ABOUT THIS EXERCISE - Apart from the pictures, everything in the lines below must be printed exactly.

INFORMATION SUPPLIED -
============

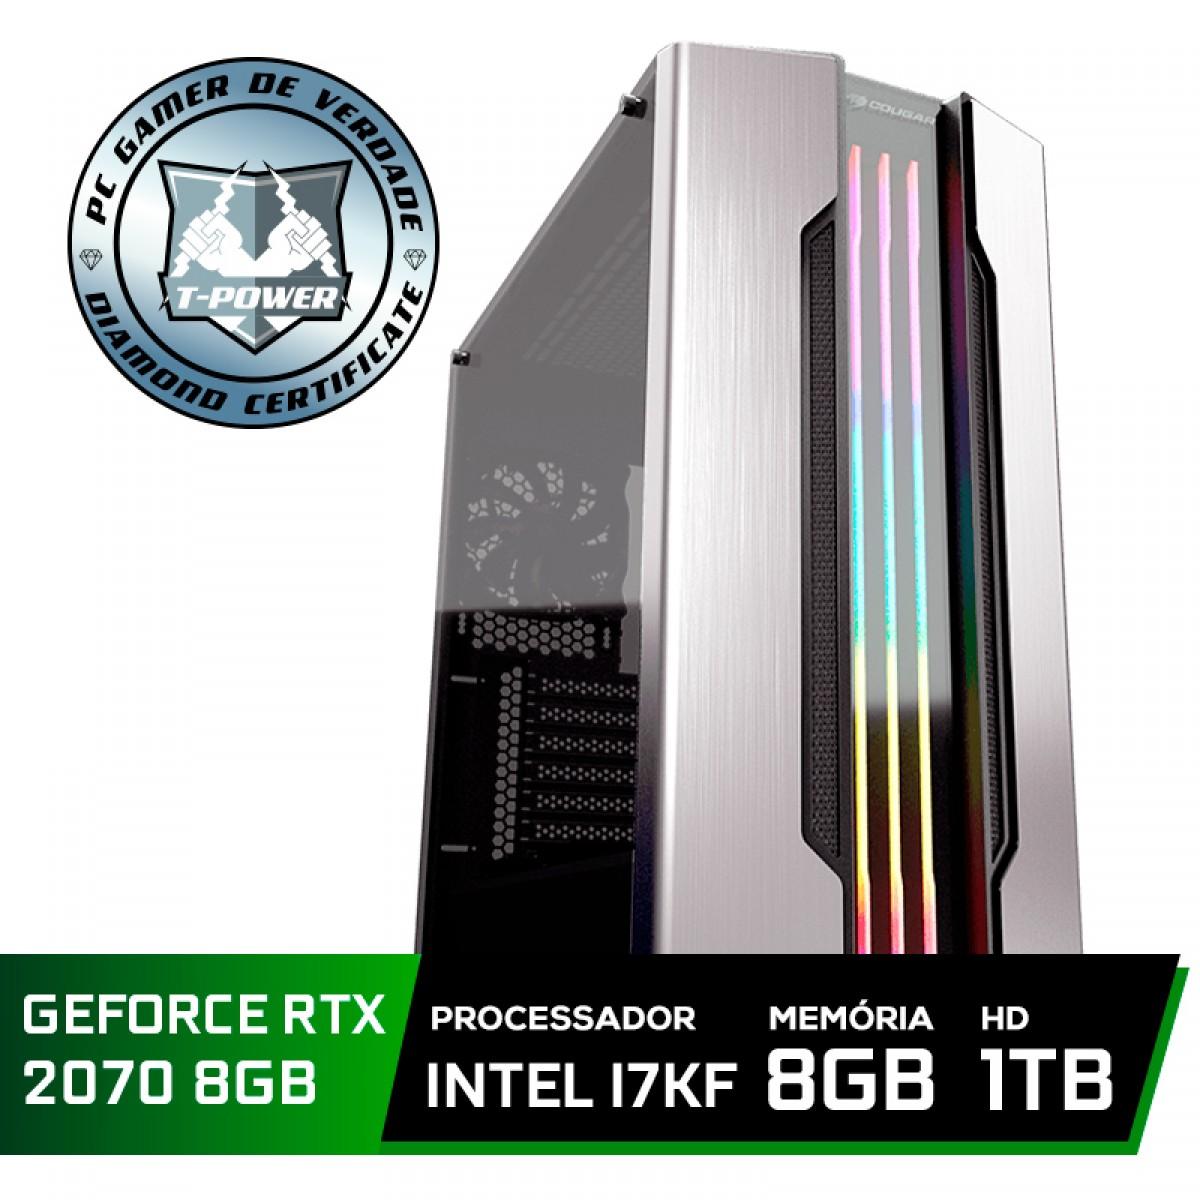 Pc Gamer Super Tera Edition Intel i7 9700KF / Geforce RTX 2070 / DDR4 8GB / HD 1TB / 600W
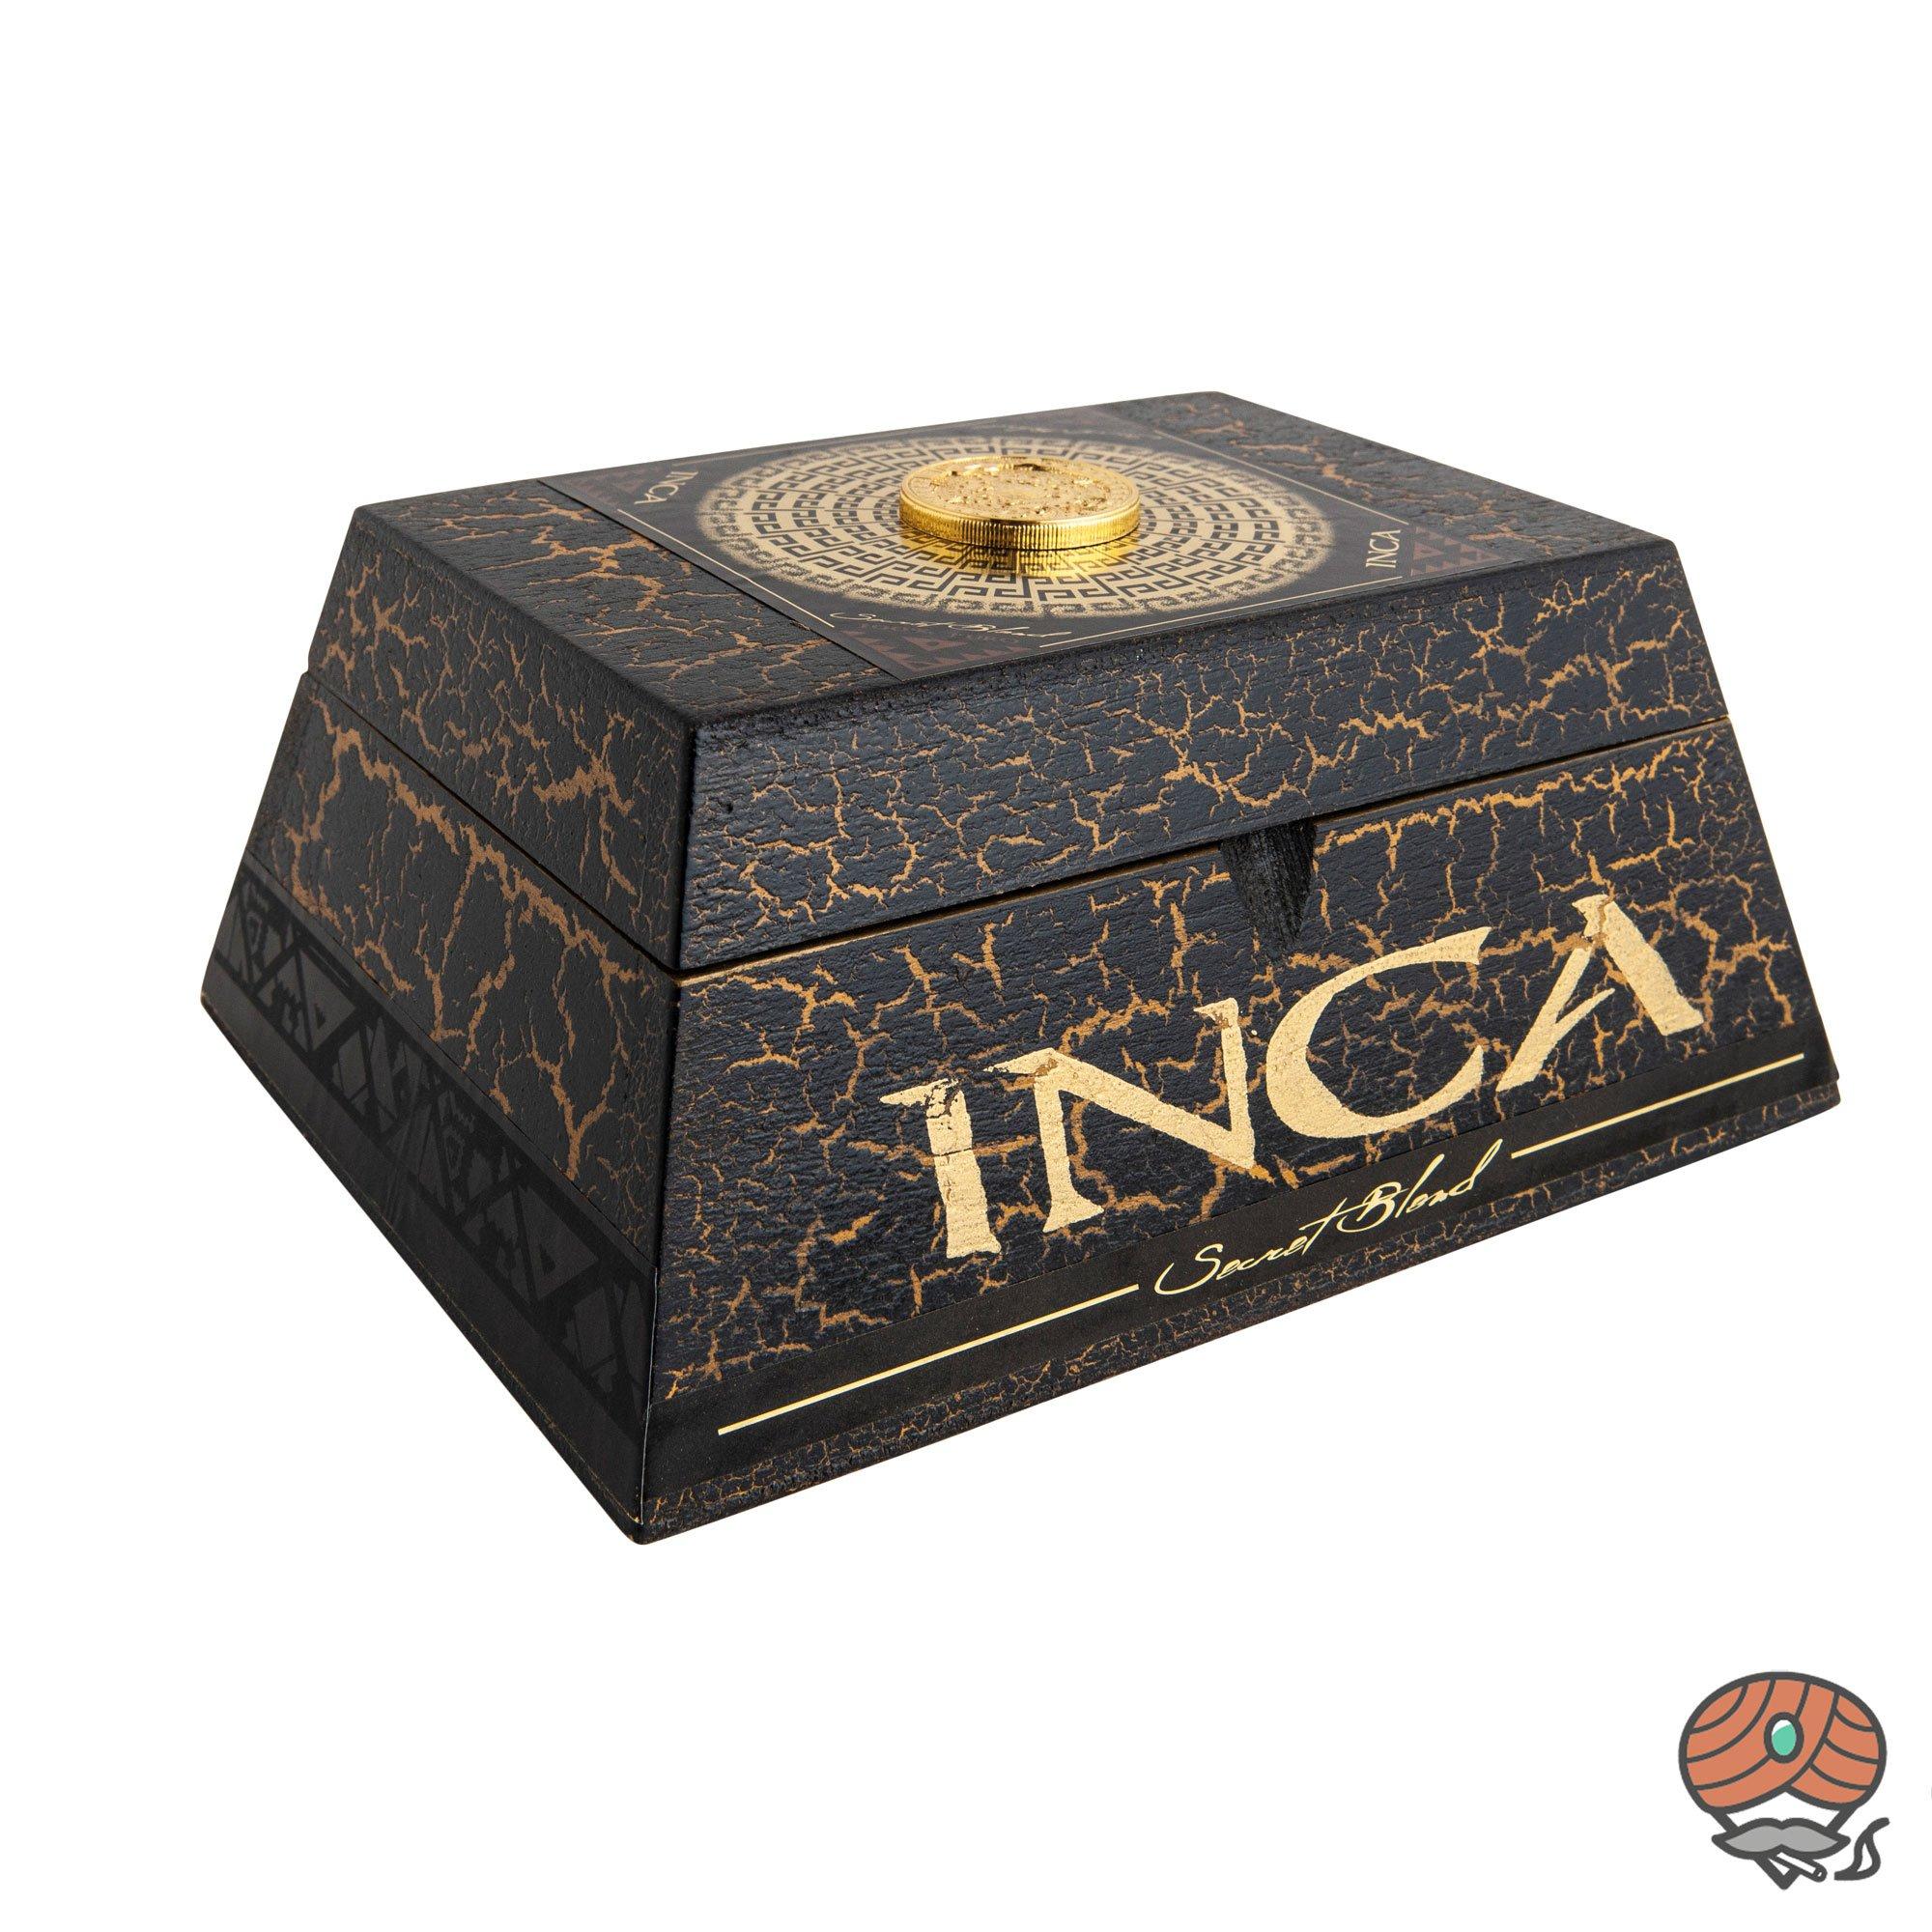 Inca Roca Robusto Zigarren 20er Kiste Peru
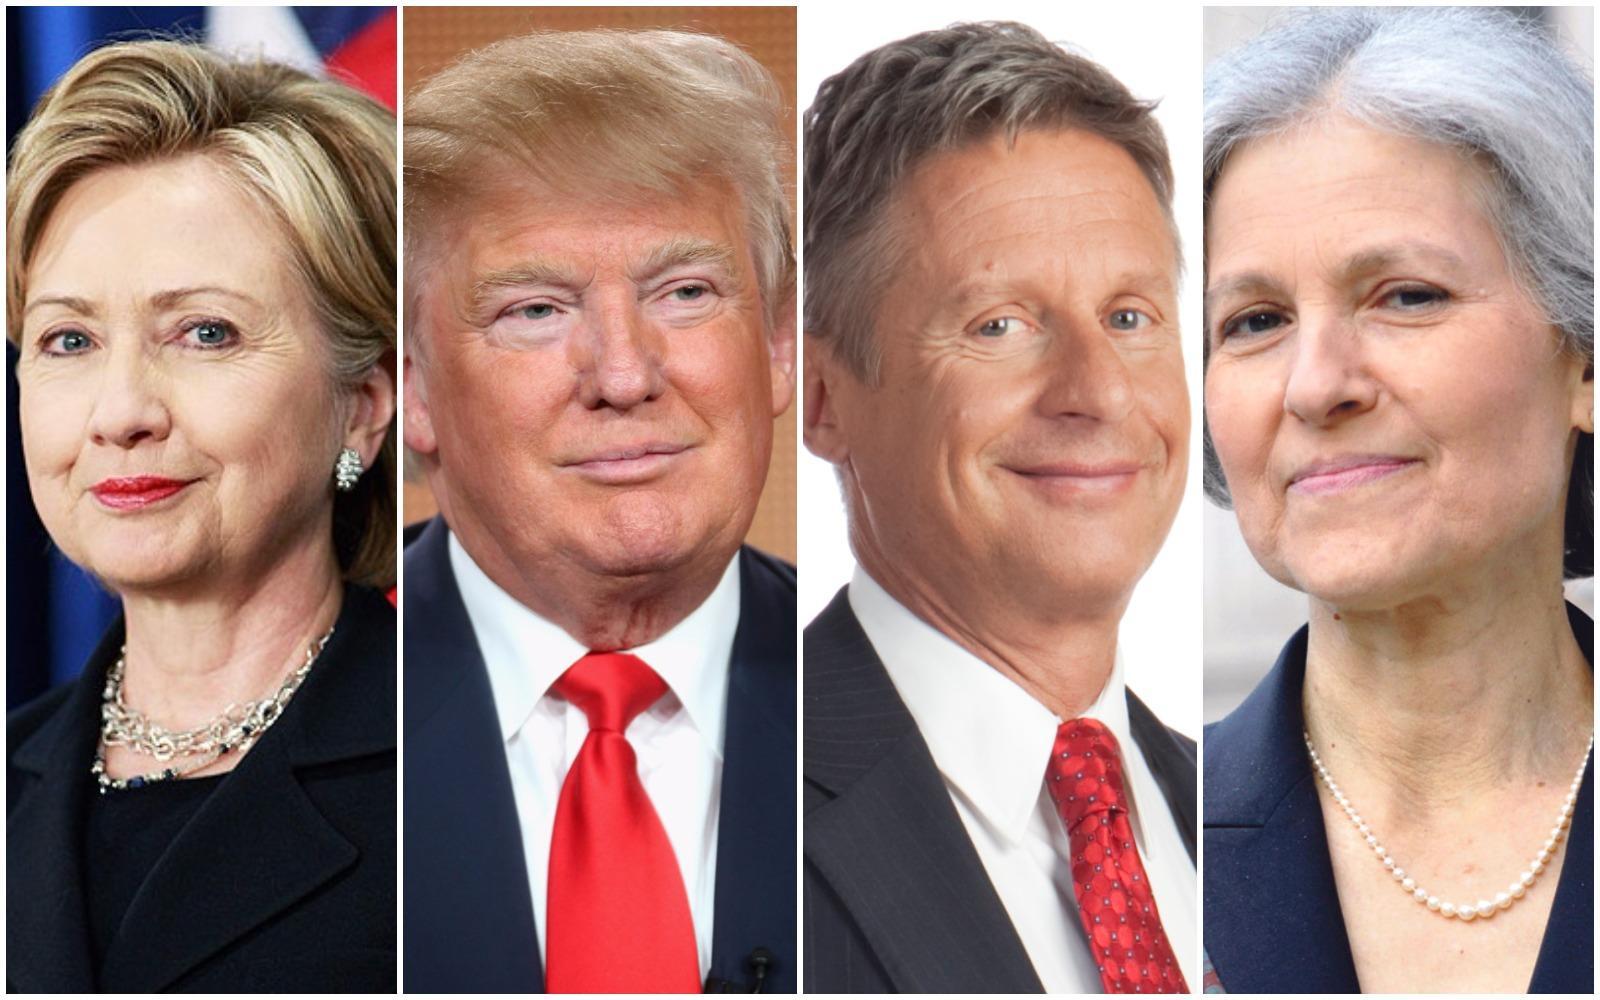 candidatepoliciespicture

============

ANSWER BOX -
 Pc Gamer Super Tera Edition Intel i7 9700KF / Geforce RTX 2070 / DDR4 8GB / HD 1TB / 600W
 Inca Roca Robusto Zigarren 20er Kiste Peru
 candidatepoliciespicture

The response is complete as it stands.